The configure command is run like fdctl configure <mode> <stage>...
where mode
is one of:
init
Configures the provided stages if they are not already configured.check
Check if each stage is already configured. The command will exit with an error code if they are not.check
never requires privileges and will not make any changes to the system.fini
Unconfigure (reverse) the stage if it is reversible.
stage
can be one or more of hugetlbfs
, sysctl
, hyperthreads
, ethtool-channels
, ethtool-gro
, ethtool-loopback
and these stages are described below. You can also use the stage all
which will configure everything.
Stages have different privilege requirements, which you can see by trying to run the stage without privileges. The check
mode never requires privileges, and the init
mode will only require privileges if it needs to actually change something.
hugetlbfs
The hugetlbfs
stage is used to reserve huge
(2MiB) and gigantic
(1GiB) memory pages from the Linux kernel for use by Firedancer. See also the kernel documentation of these pages. Almost all memory in Firedancer is allocated out of these pages for performance reasons.
This is a two step process. First, the number of huge
and gigantic
pages available on the entire system is increased in the kernel by increasing /sys/devices/system/node/node0/hugepages/hugepages-1048576kB/nr_hugepages
until the free_hugepages
value is high enough for all the memory needs of the validator.

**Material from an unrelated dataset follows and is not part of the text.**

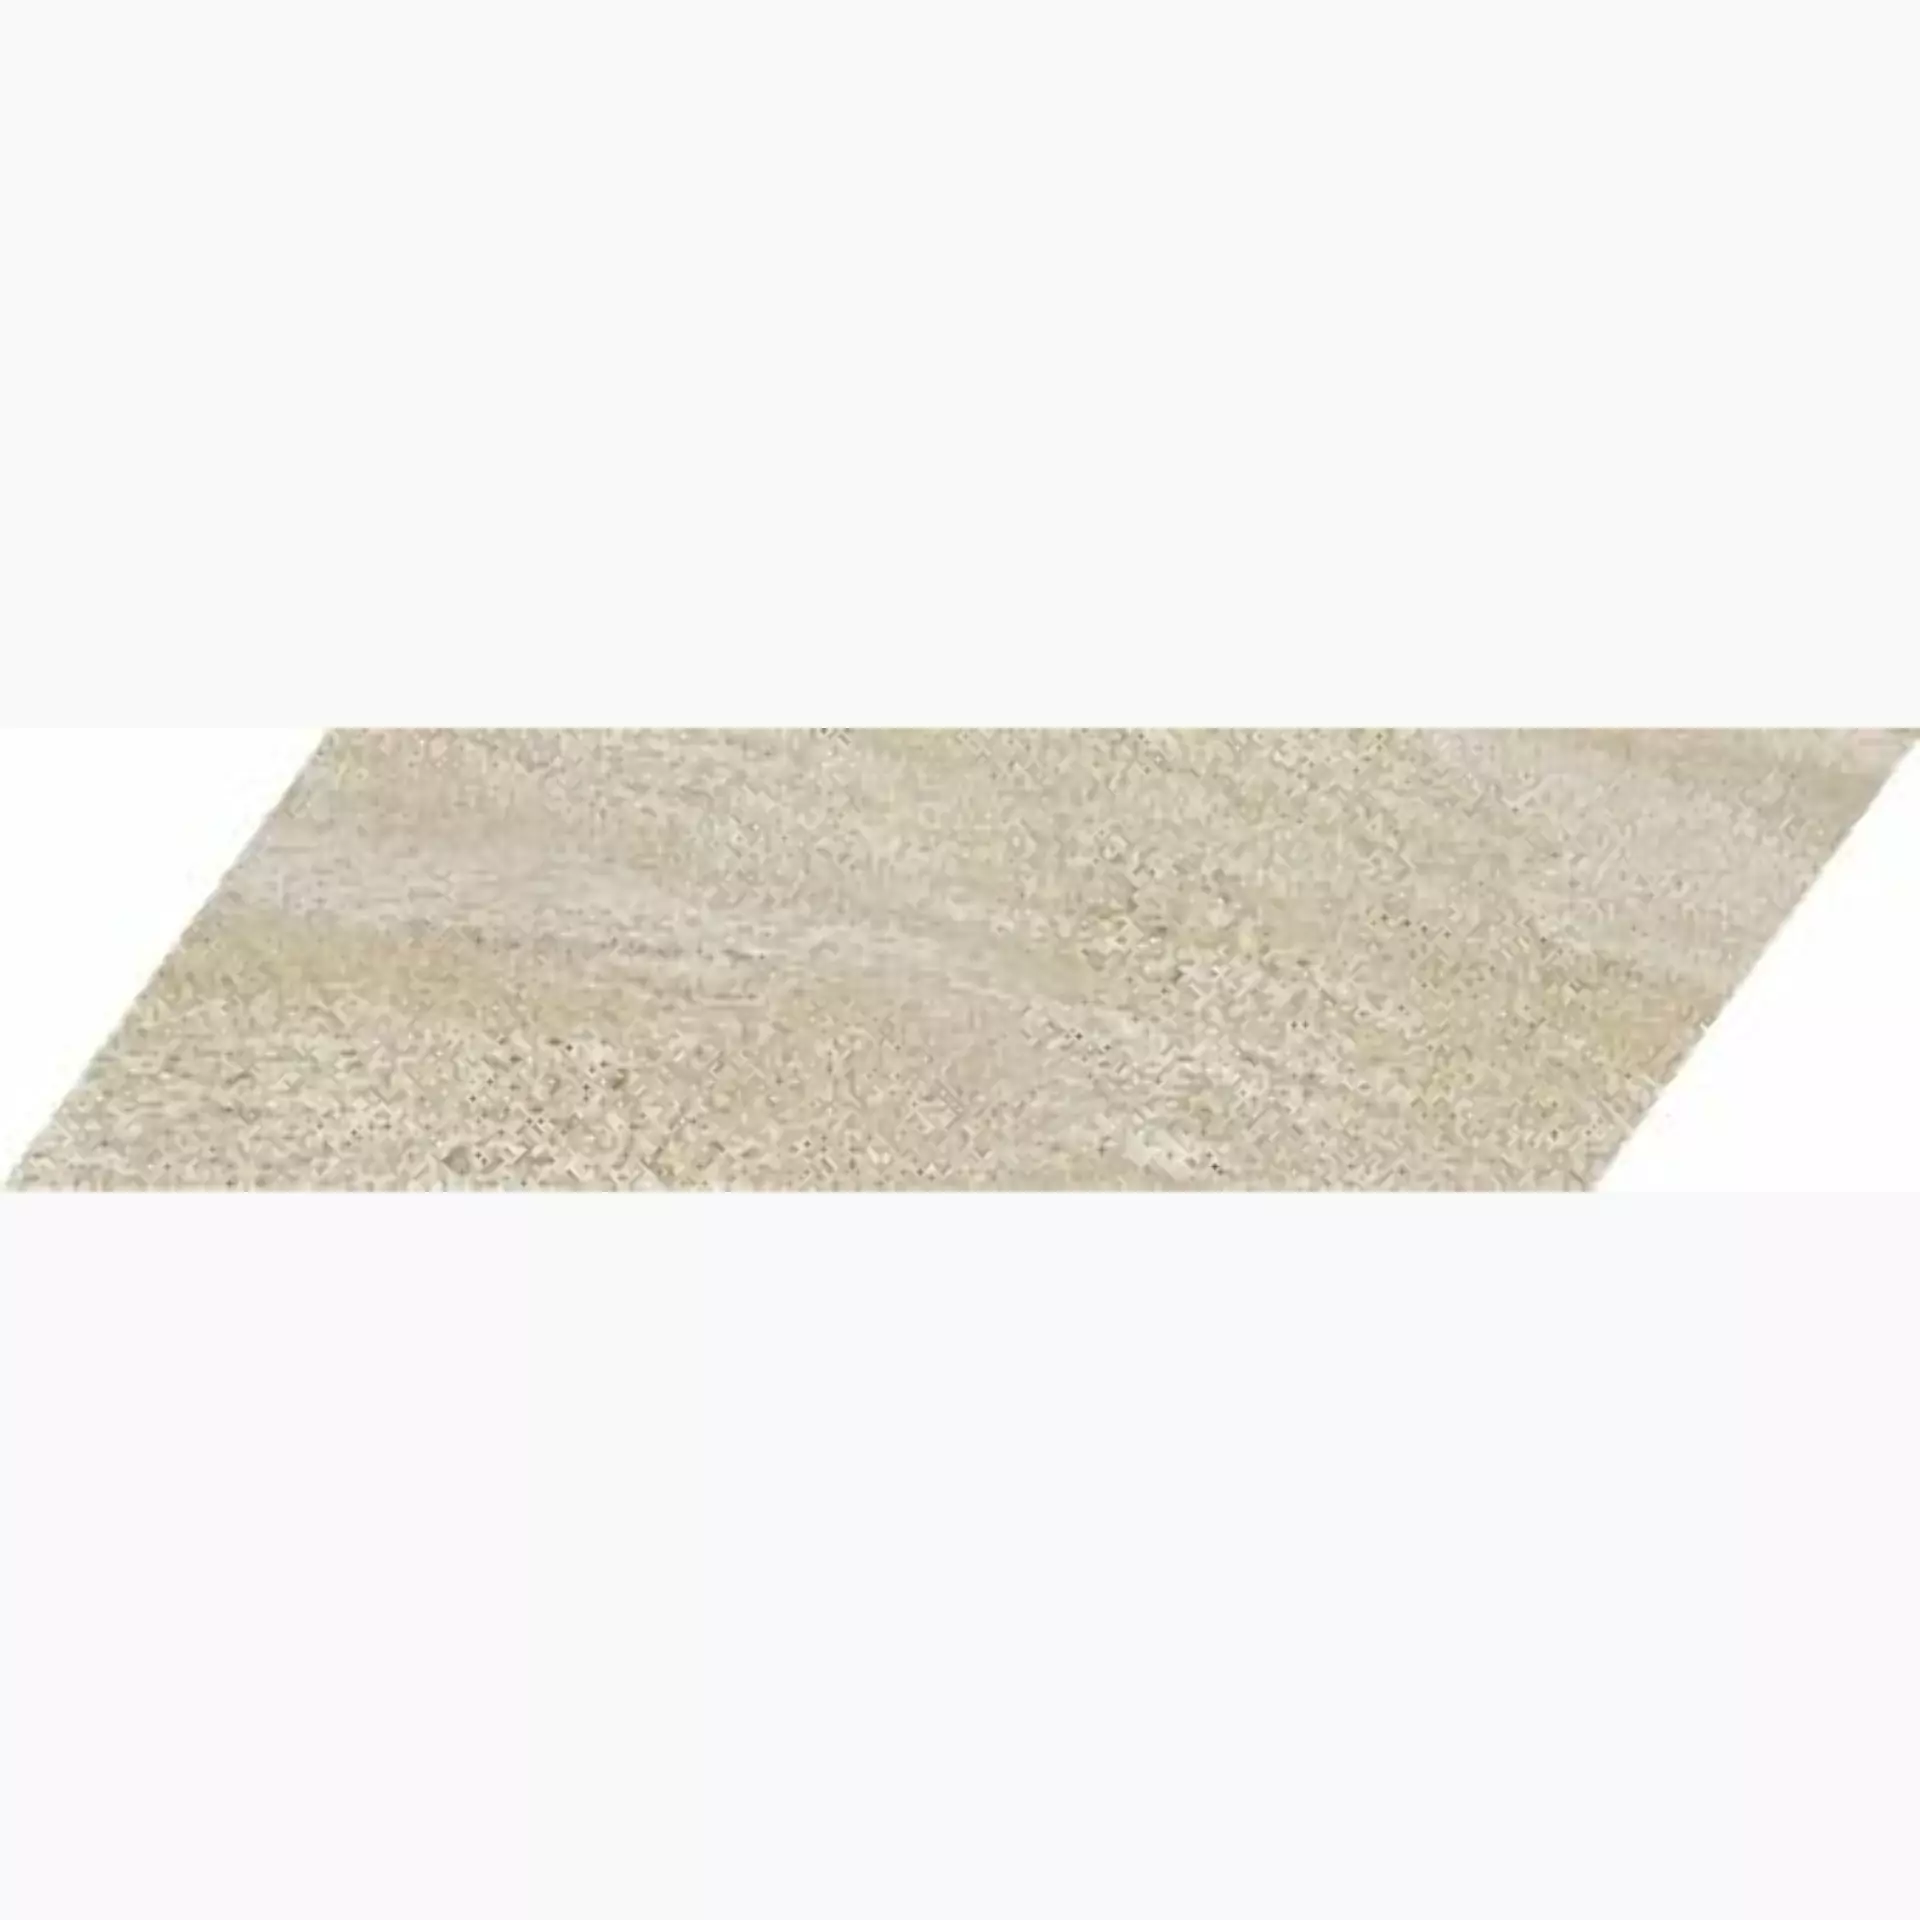 Casalgrande Ulivo Panna Naturale – Matt Chevron 2851250 29,5x31cm rectified 9mm
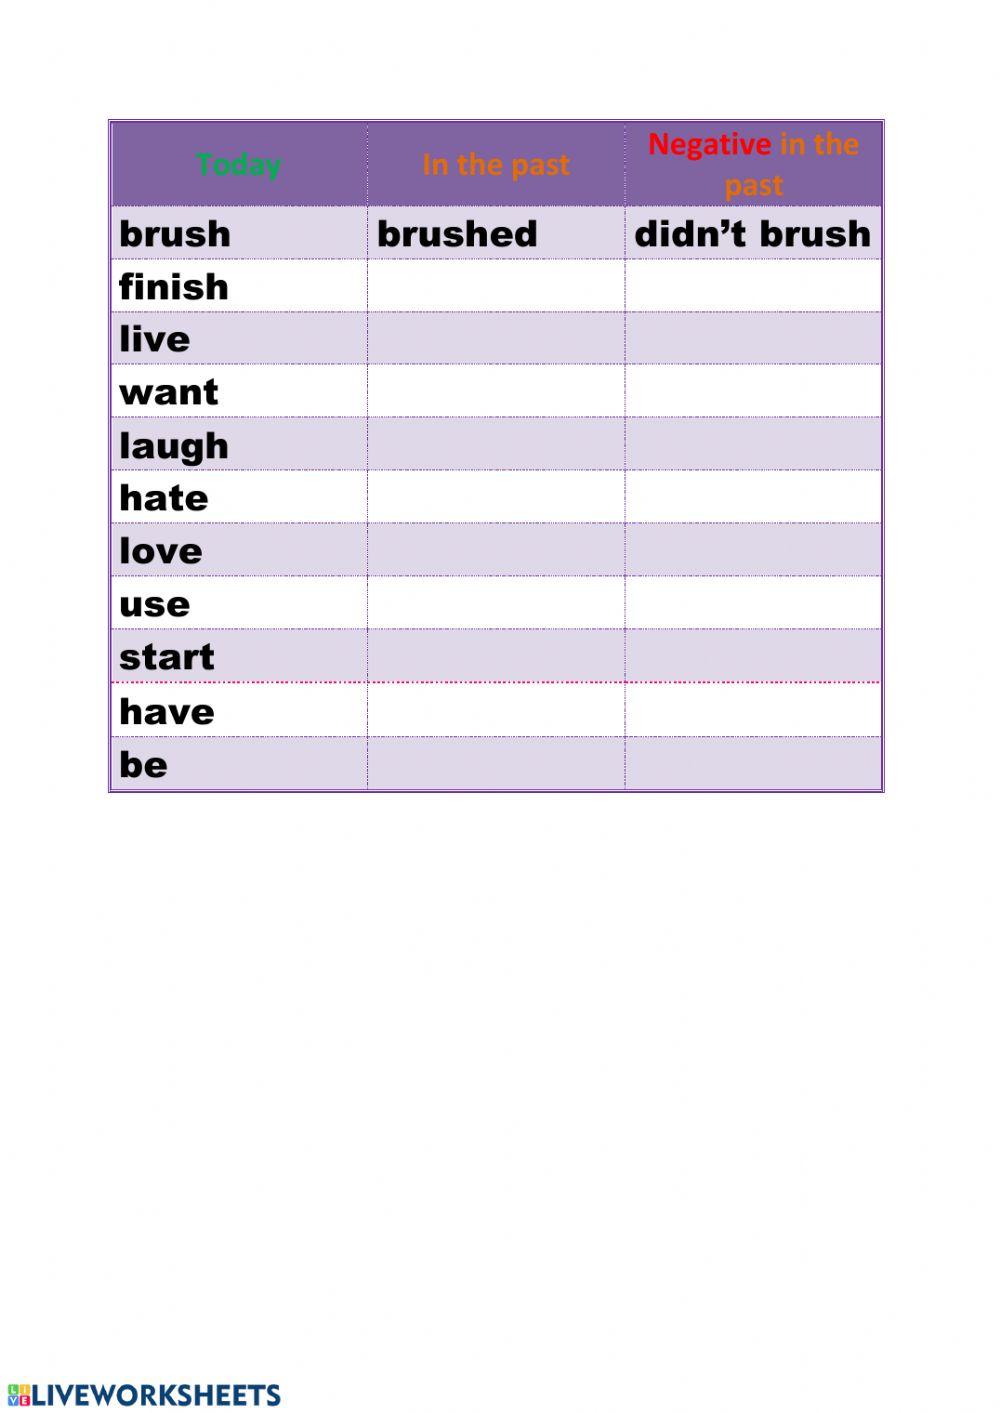 Past Simple regular verbs

Once the pages have been reserved globally in the kernel pool, they are assigned specifically to Firedancer by creating a hugetlbfs
mount at each of /mnt/.fd/.gigantic/
and /mnt/.fd/.huge
for gigantic and huge pages respectively. These paths can be configured in the TOML file under the [hugetlbfs]
section. Lets run it:
$ sudo fdctl configure init hugetlbfs
NOTICE hugetlbfs ... unconfigured ... mounts `/mnt/.fd/.huge` and `/mnt/.fd/.gigantic` do not exist
NOTICE hugetlbfs ... configuring
NOTICE RUN: `mkdir -p /mnt/.fd/.huge`
NOTICE RUN: `mount -t hugetlbfs none /mnt/.fd/.huge -o pagesize=2097152,min_size=228589568`
NOTICE RUN: `mkdir -p /mnt/.fd/.gigantic`
NOTICE RUN: `mount -t hugetlbfs none /mnt/.fd/.gigantic -o pagesize=1073741824,min_size=27917287424`
$ cat /proc/mounts | grep \\.fd
none /mnt/.fd/.gigantic hugetlbfs rw,seclabel,relatime,pagesize=1024M,min_size=540092137472 0 0
none /mnt/.fd/.huge hugetlbfs rw,seclabel,relatime,pagesize=2M,min_size=95124124 0 0
This stage requires root privileges, and cannot be performed with capabilities. If the required hugetlbfs mounts are already present, with at least the amount of memory reserved that we required then the init
mode does nothing and the check
mode will return successfully without requiring privileges.
The fini
mode will unmount the two filesystems, and remove them from /mnt/.fd/
, although it will leave the /mnt/.fd/
directory in place. The fini
mode will not succeed if memory from the mounts is mapped into a running process.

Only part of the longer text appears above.